Короткий адрес: https://sciup.org/15019317
IDR: 15019317 | DOI: 10.5815/ijeme.2024.04.01
Текст научной статьи Depression Detection: Unveiling Mental Health Insights with Twitter Data and BERT Models
The prevalence of depression worldwide underscores the urgent need for effective approaches to address mental health challenges. Despite advancements in technology facilitating early detection and increased public awareness, mental health issues often remain underreported and insufficiently addressed. Social media platforms offer a unique avenue for individuals to openly discuss their mental well-being, potentially providing valuable insights into their experiences. However, analyzing this vast amount of data poses significant challenges without appropriate tools and methodologies.
Existing research has highlighted the potential of sentiment analysis techniques to extract insights from social media data, including discussions related to mental health [1]. Platforms like Twitter have become hubs for individuals to express their thoughts, feelings, and experiences, including those related to depression. However, while sentiment analysis holds promise, determining the most effective approach remains a challenge. Various methods, including traditional machine learning algorithms and advanced deep learning models, have been explored, each with its strengths and limitations.
Among the existing solutions, Transformer models have emerged as powerful tools for natural language processing tasks [2]. These models, such as DistilBERT, Albert, and hybrid BERT-CNN architectures, offer sophisticated ways to capture contextual relationships and semantic representations within text data. The hybrid BERT-CNN model, in particular, combines the strengths of BERT's contextual embeddings with the efficiency of Convolutional Neural Networks (CNNs) for text classification tasks [3]. While these models have shown promising results in various domains, their effectiveness in analyzing mental health-related discussions on social media platforms like Twitter remains an area of exploration.
This study aims to address these challenges and gaps in existing research by focusing on several key objectives:
• To collect and analyze mental health-related data from Twitter using sentiment analysis techniques.
• To evaluate the performance of different Transformer models, including DistilBERT, Albert, and a hybrid BERT-CNN model, in classifying depression-related tweets.
• To assess the potential of sentiment analysis on social media data in understanding individuals' mental states and well-being.
• To identify opportunities for leveraging social media data and sentiment analysis techniques to improve mental health support systems and interventions.
2. Related Works
By addressing these objectives, the study aims to contribute to the growing body of literature on utilizing social media data for mental health assessment. Specifically, the research seeks to identify the most effective approach for analyzing depression-related discussions on Twitter and to provide insights that can inform the development of more targeted and efficient mental health interventions in the digital age.

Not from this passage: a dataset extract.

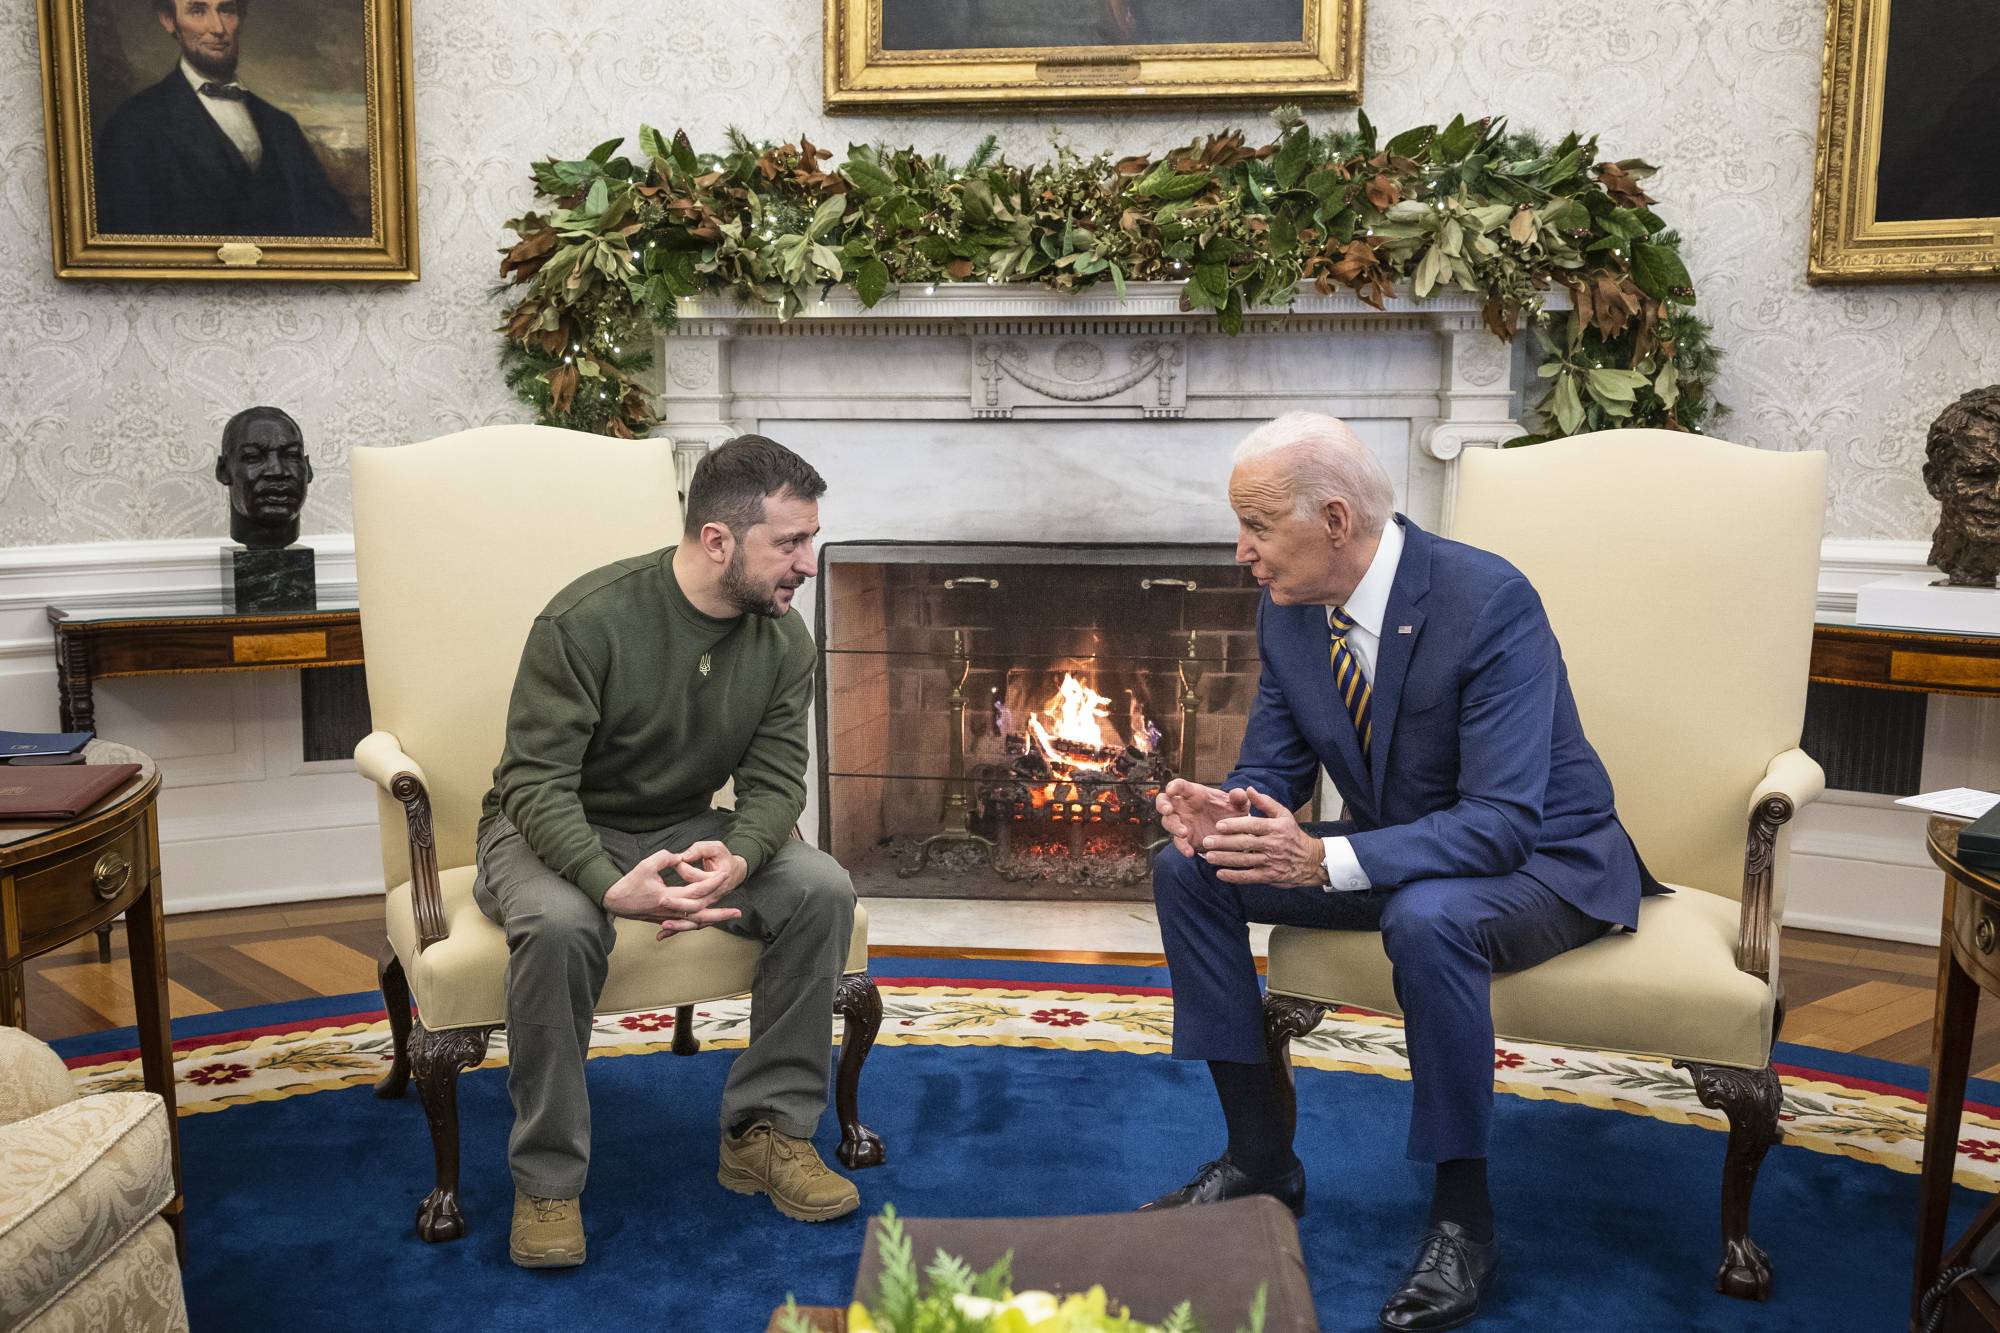 Zelenskyy and U.S. President Joe Biden meet in the Oval Office at the White House in Washington on Wednesday. | TOM BRENNER / THE NEW YORK TIMES

The rise of social media platforms has completely changed how people express themselves and communicate online. Particularly Twitter has developed into a wonderful resource for current knowledge, providing perceptions into many facets of human behaviour, including mental health. More and more, researchers are using Twitter data to investigate and comprehend mental health conditions like depression. It is possible to learn a lot about people's mental health and potential depressive symptoms by examining the content and patterns of tweets. With a focus on non-AI methods, this review of the literature attempts to give an overview of the current research on Twitter data-based depression identification. This review tries to illuminate the state of the field's knowledge at the present time and pinpoint prospective directions for future research by analysing the techniques, conclusions, and limits of earlier studies.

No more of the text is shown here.